Search code examples
apiprometheusgrafanapromql

Can someone explain this PromQL query to me?


I'm new to promQL and I am using it to create grafana dashboard to visualize various API metrics like throughput, latency etc.

For measuring latency I came across these queries being used together. Can someone explain how are they working

histogram_quantile(0.99, sum(irate(http_request_duration_seconds_bucket{path="<API Endpoint>"}[2m])*30) by (path,le))

histogram_quantile(0.95, sum(irate(http_request_duration_seconds_bucket{path="<API Endpoint>"}[2m])*30) by (path,le))

Also I want to write a query which will show me number of API calls with latency greater than 4sec. Can someone please help me there as well?


Solution

  • The provided queries are designed to return 99th and 95th percentiles for the http_request_duration_seconds{path="..."} metric of histogram type over requests received during the last 2 minutes (see 2m in square brackets).

    Unfortunately the provided queries have some issues:

    • They use irate() function for calculating the per-second increase rate of every bucket defined in http_request_duration_seconds histogram. This function isn't recommended to use in general case, because it tends to return jumpy results on repeated queries - see this article for details. So it is better to use rate or increase instead when calculating histogram_quantile.
    • They multiply the calculated irate() by 30. This has no any effect on query results, since histogram_quantile() normalizes the provided per-bucket values.

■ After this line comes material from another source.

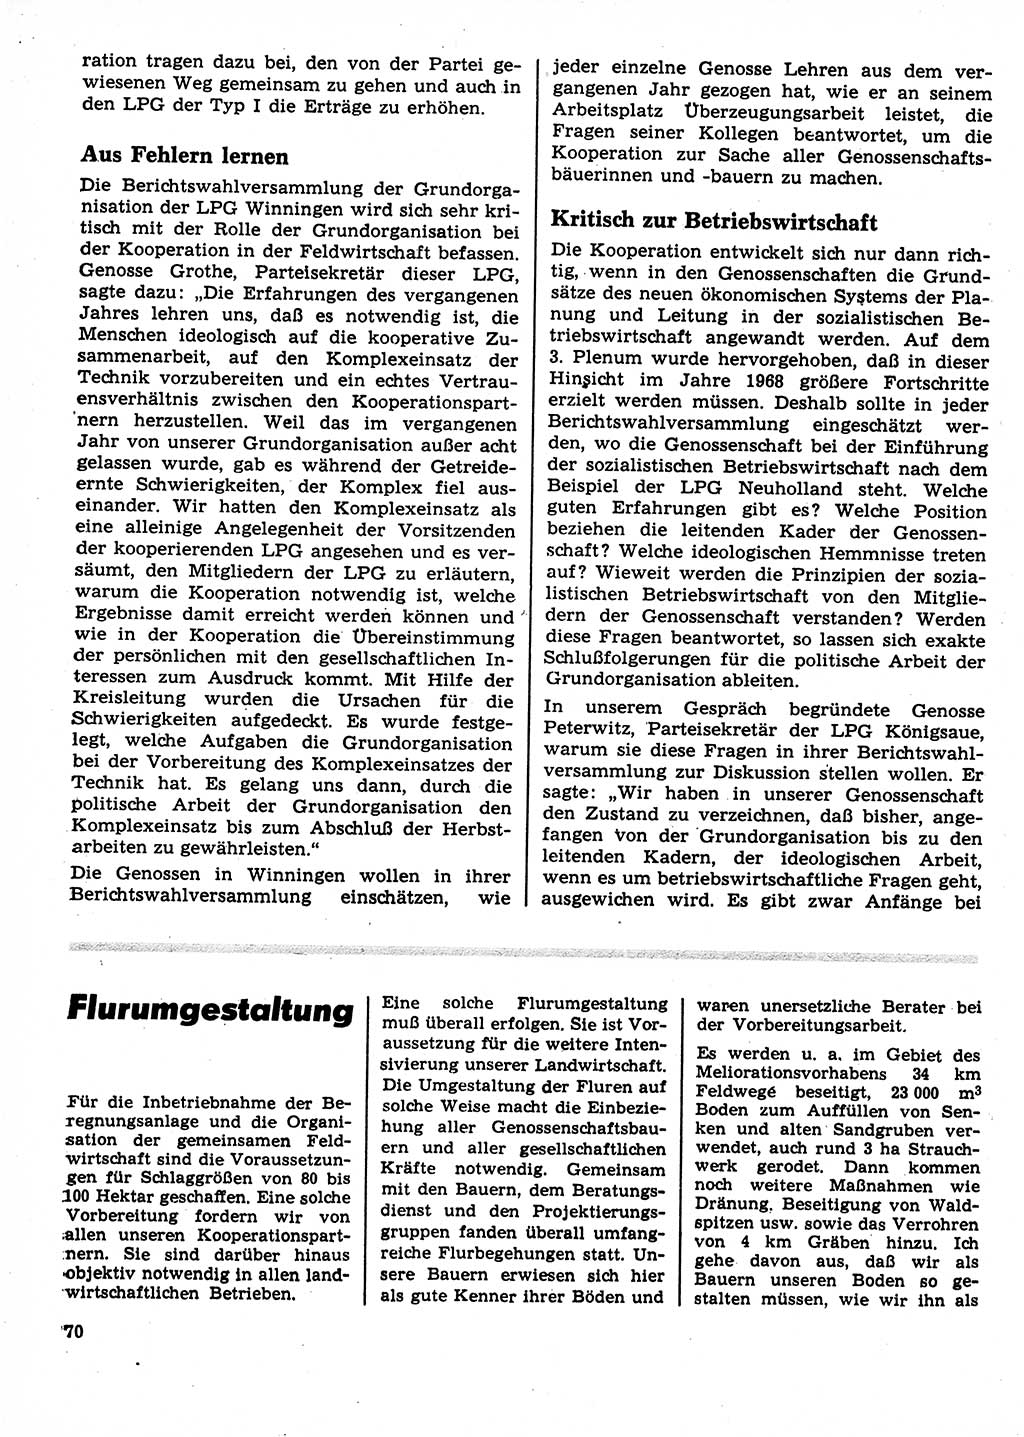 Neuer Weg (NW), Organ des Zentralkomitees (ZK) der SED (Sozialistische Einheitspartei Deutschlands) für Fragen des Parteilebens, 23. Jahrgang [Deutsche Demokratische Republik (DDR)] 1968, Seite 70 (NW ZK SED DDR 1968, S. 70)

    So it is recommended to use the following query instead:

    histogram_quantile(0.99,
      sum(
        increase(http_request_duration_seconds_bucket{path="..."}[2m])
      ) by (le)
    )
    

    This query works in the following way:

    1. Prometheus selects all the time series matching the http_request_duration_seconds_bucket{path="..."} time series selector on the selected time range on the graph. These time series represent histogram buckets for the http_request_duration_seconds histogram. Each such bucket contains a counter, which counts the number of requests with duration not exceeding the value specified in the le label.

    2. Prometheus calculates the increase over the last 2 minutes per each selected time series, e.g. how many requests hit every bucket during the last 2 minutes.

    3. Prometheus calculates per-le sums over bucket values calculated at step 2 - see sum() function docs for details.

    4. Prometheus calculates the estimated 99th percentile for the bucket results returned at step 3 by executing histogram_quantile function. The error of the estimation depends on the number of buckets and the le values. More buckets with better le distribution usually give lower error for the estimated percentile.